Exclude the pictures, then quote exactly the lines from the one holding "Brooks requested &ldquo;long" through the last line of the records.

Top of WORKING DATA

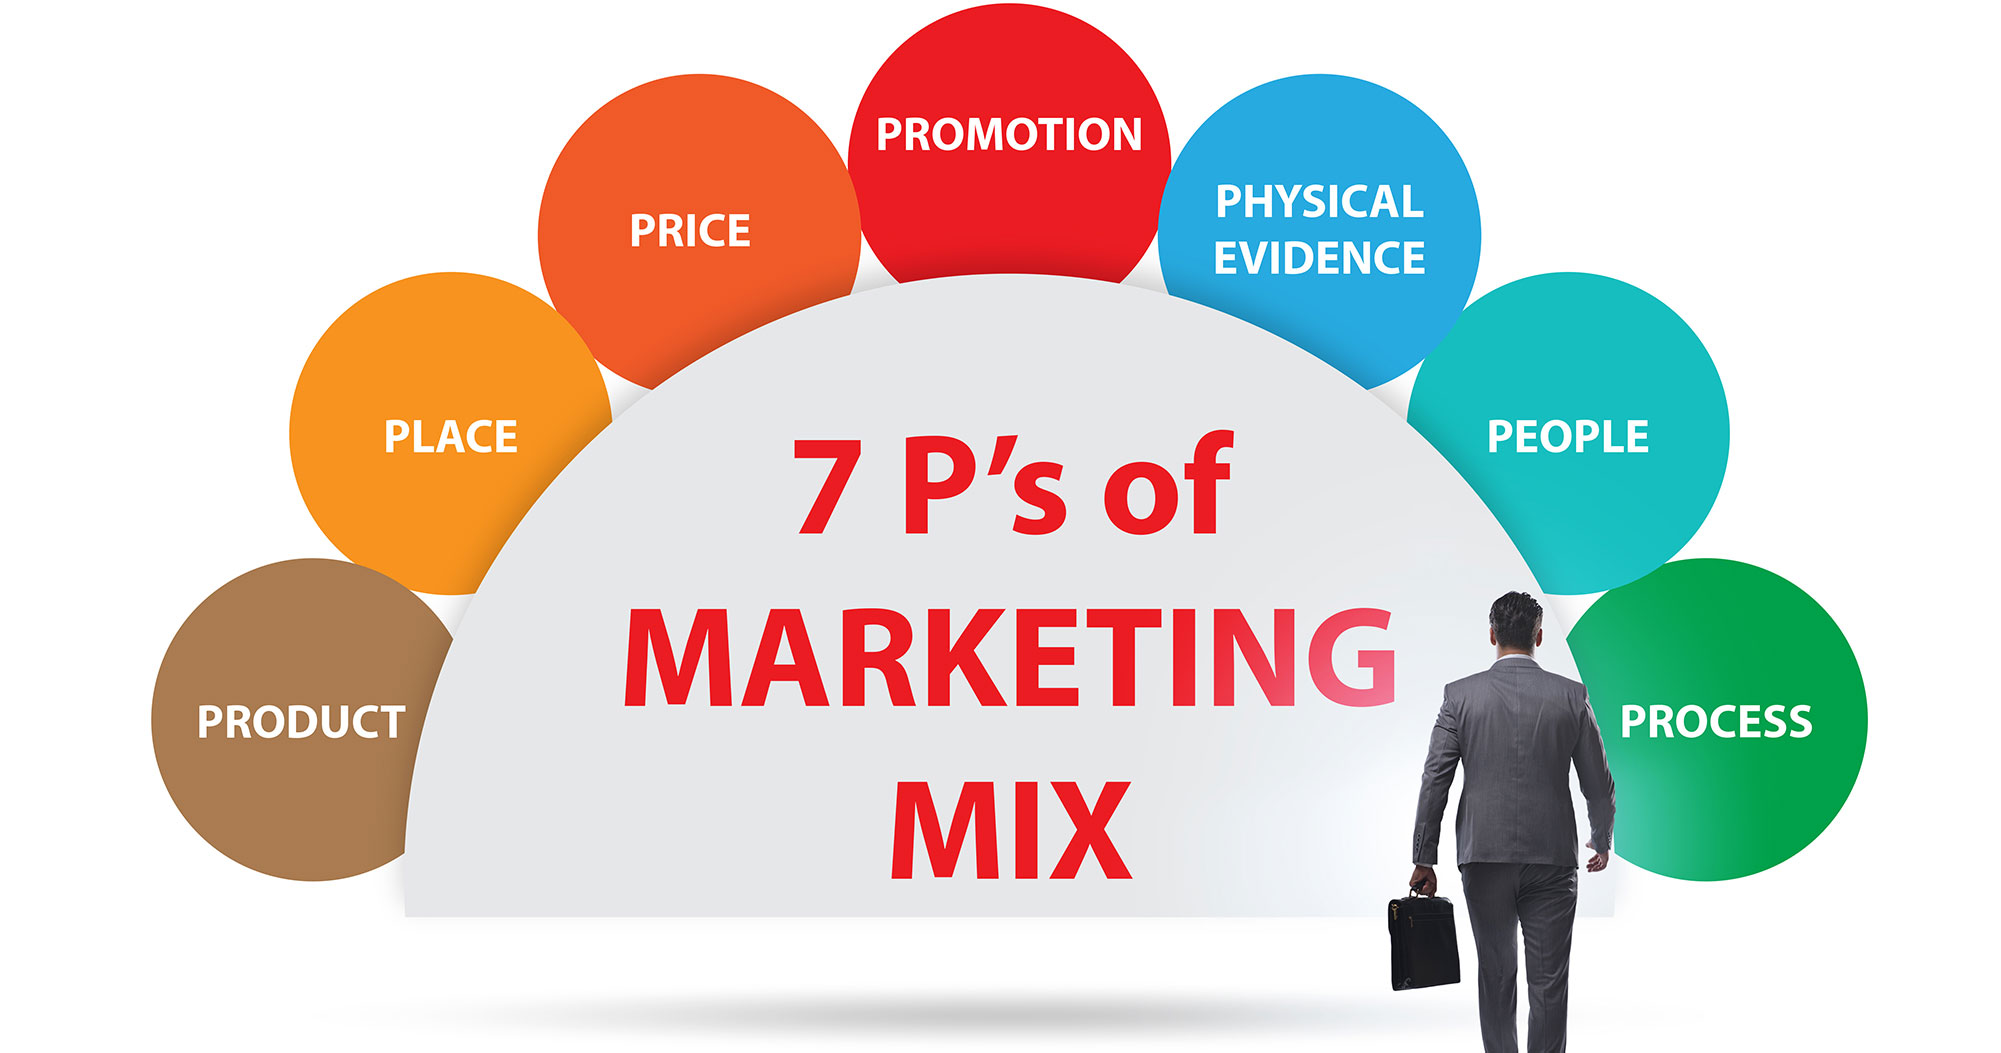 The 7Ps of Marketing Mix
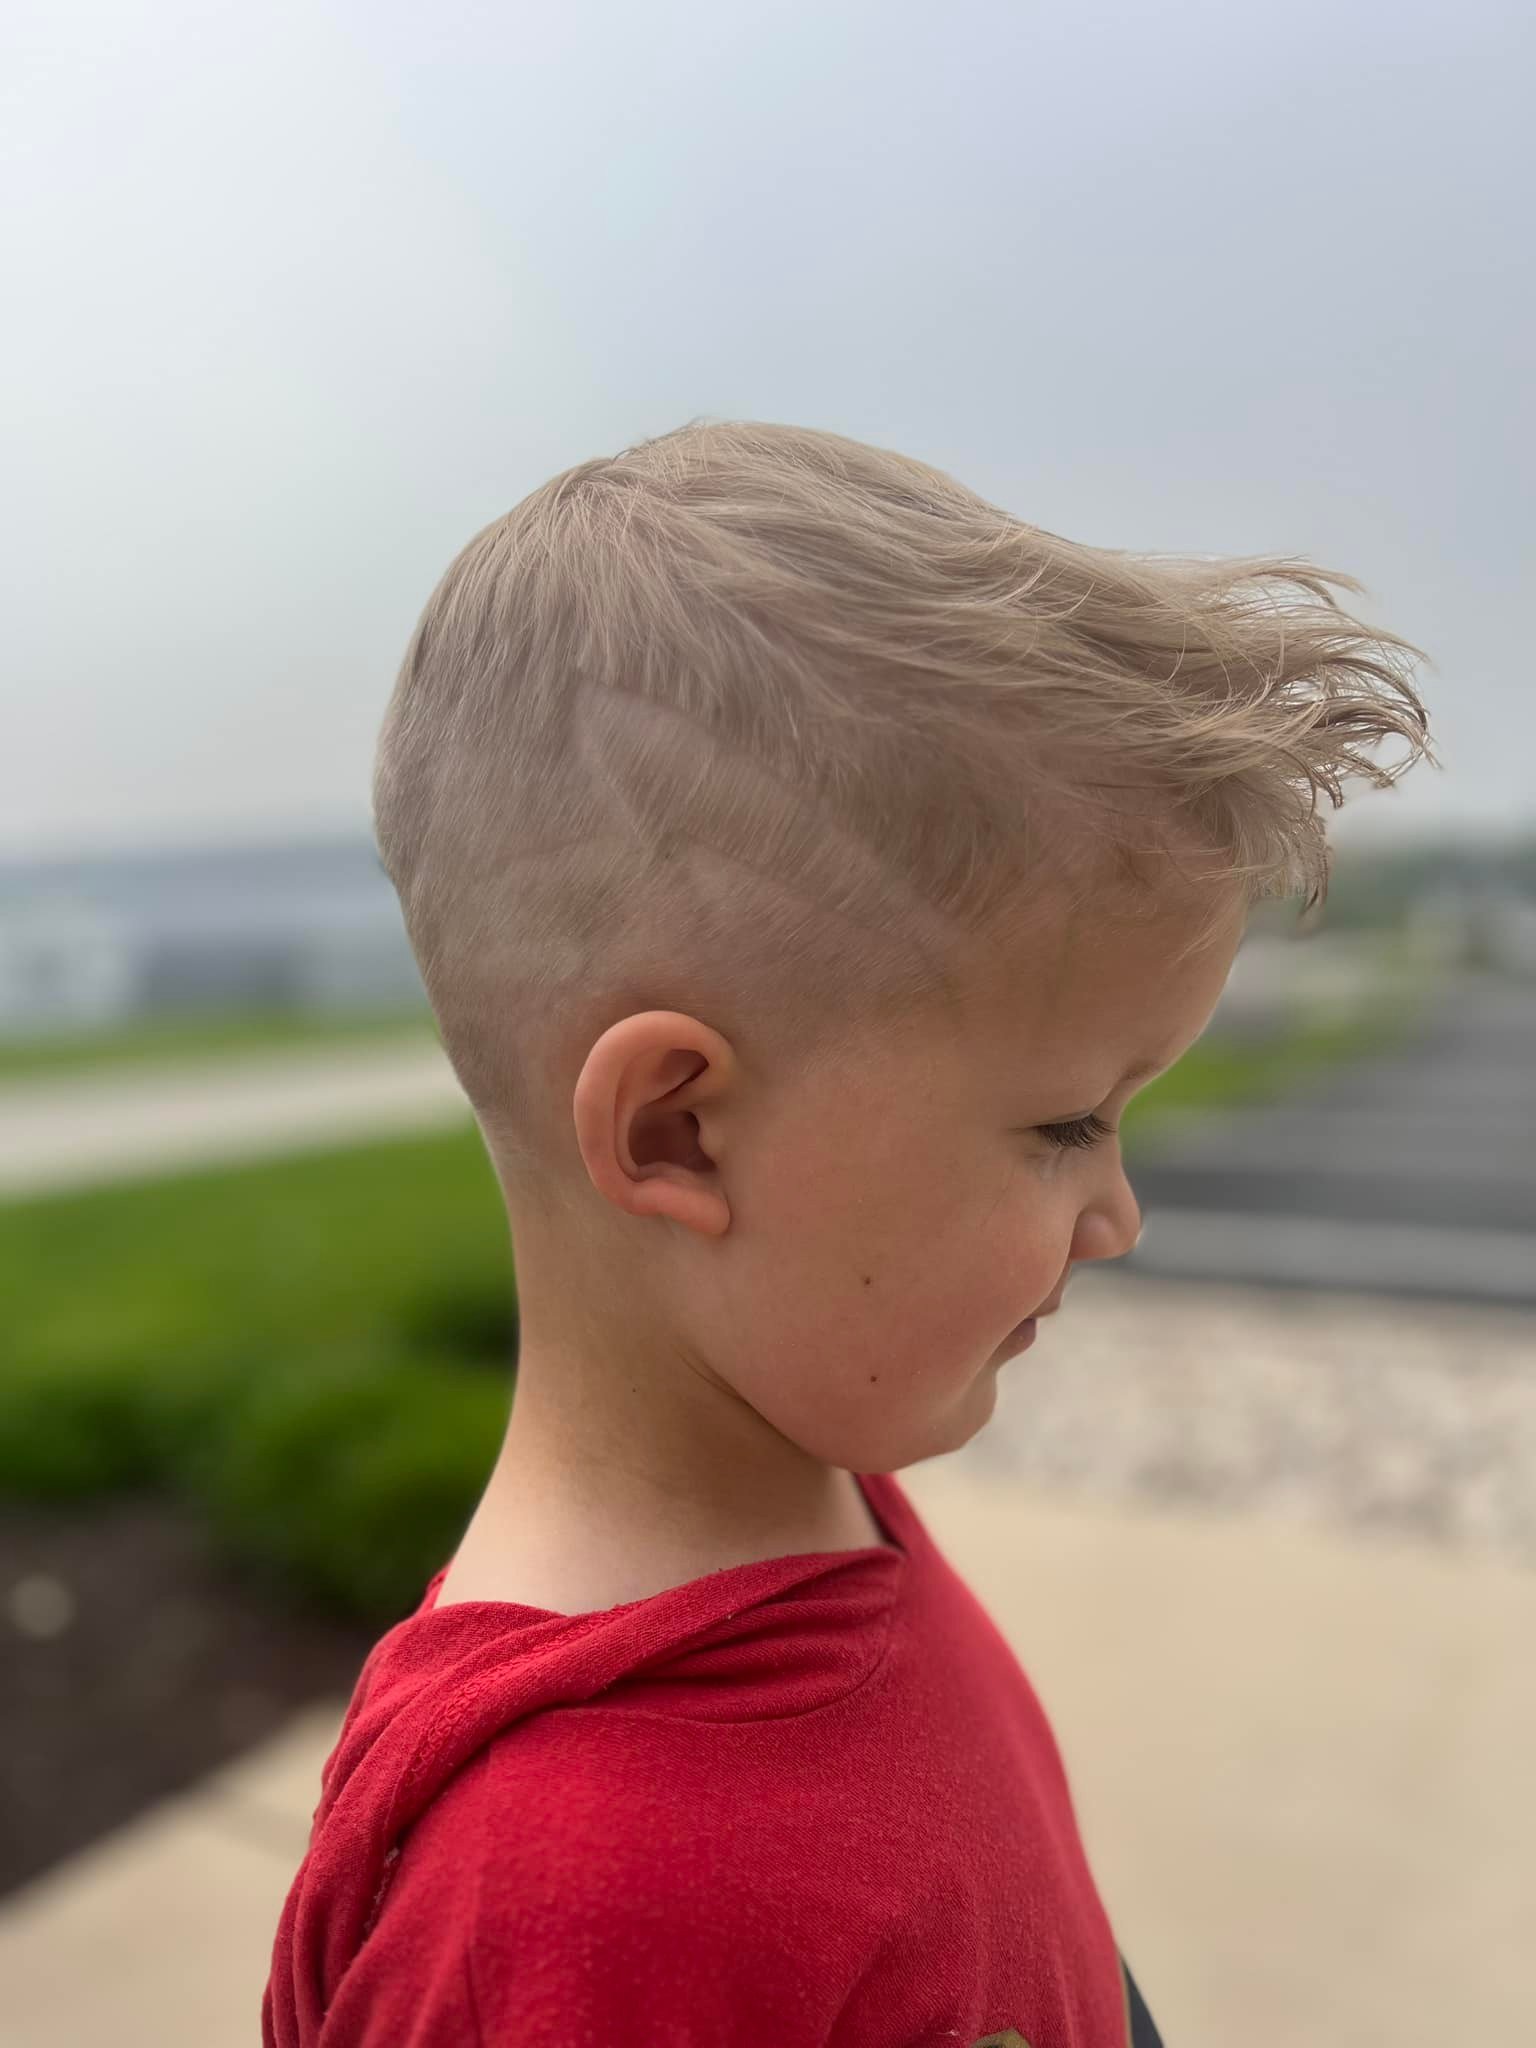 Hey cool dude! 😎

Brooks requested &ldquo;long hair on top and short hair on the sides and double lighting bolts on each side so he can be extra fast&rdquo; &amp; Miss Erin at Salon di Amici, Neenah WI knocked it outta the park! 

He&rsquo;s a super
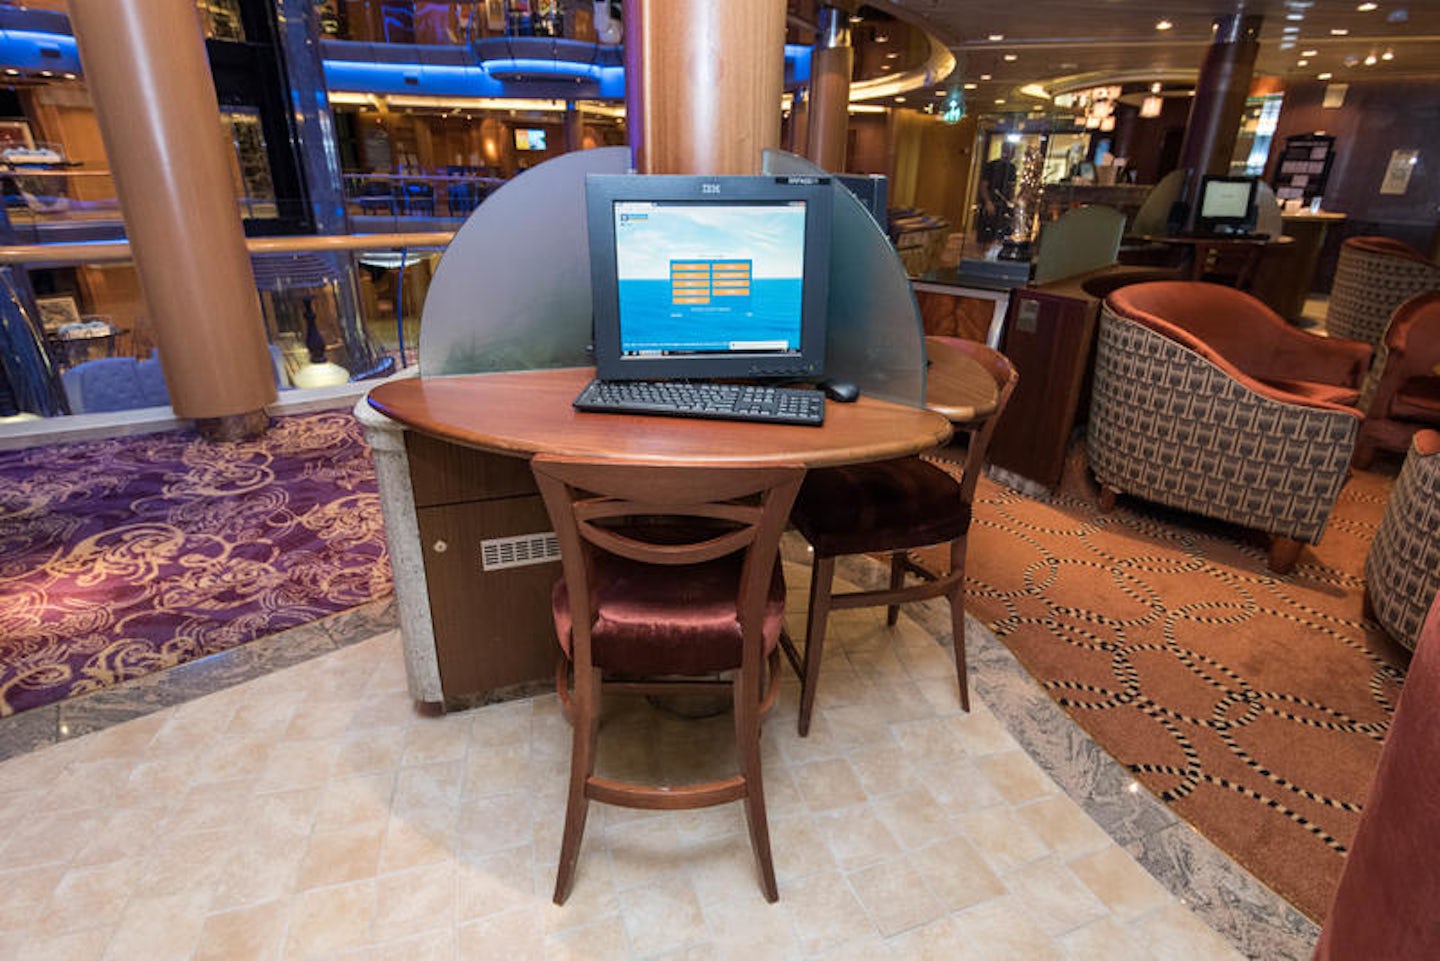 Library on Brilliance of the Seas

Bottom of WORKING DATA

RESULT FOR THIS EXERCISE:
Brooks requested &ldquo;long hair on top and short hair on the sides and double lighting bolts on each side so he can be extra fast&rdquo; &amp; Miss Erin at Salon di Amici, Neenah WI knocked it outta the park! 

He&rsquo;s a super
 Library on Brilliance of the Seas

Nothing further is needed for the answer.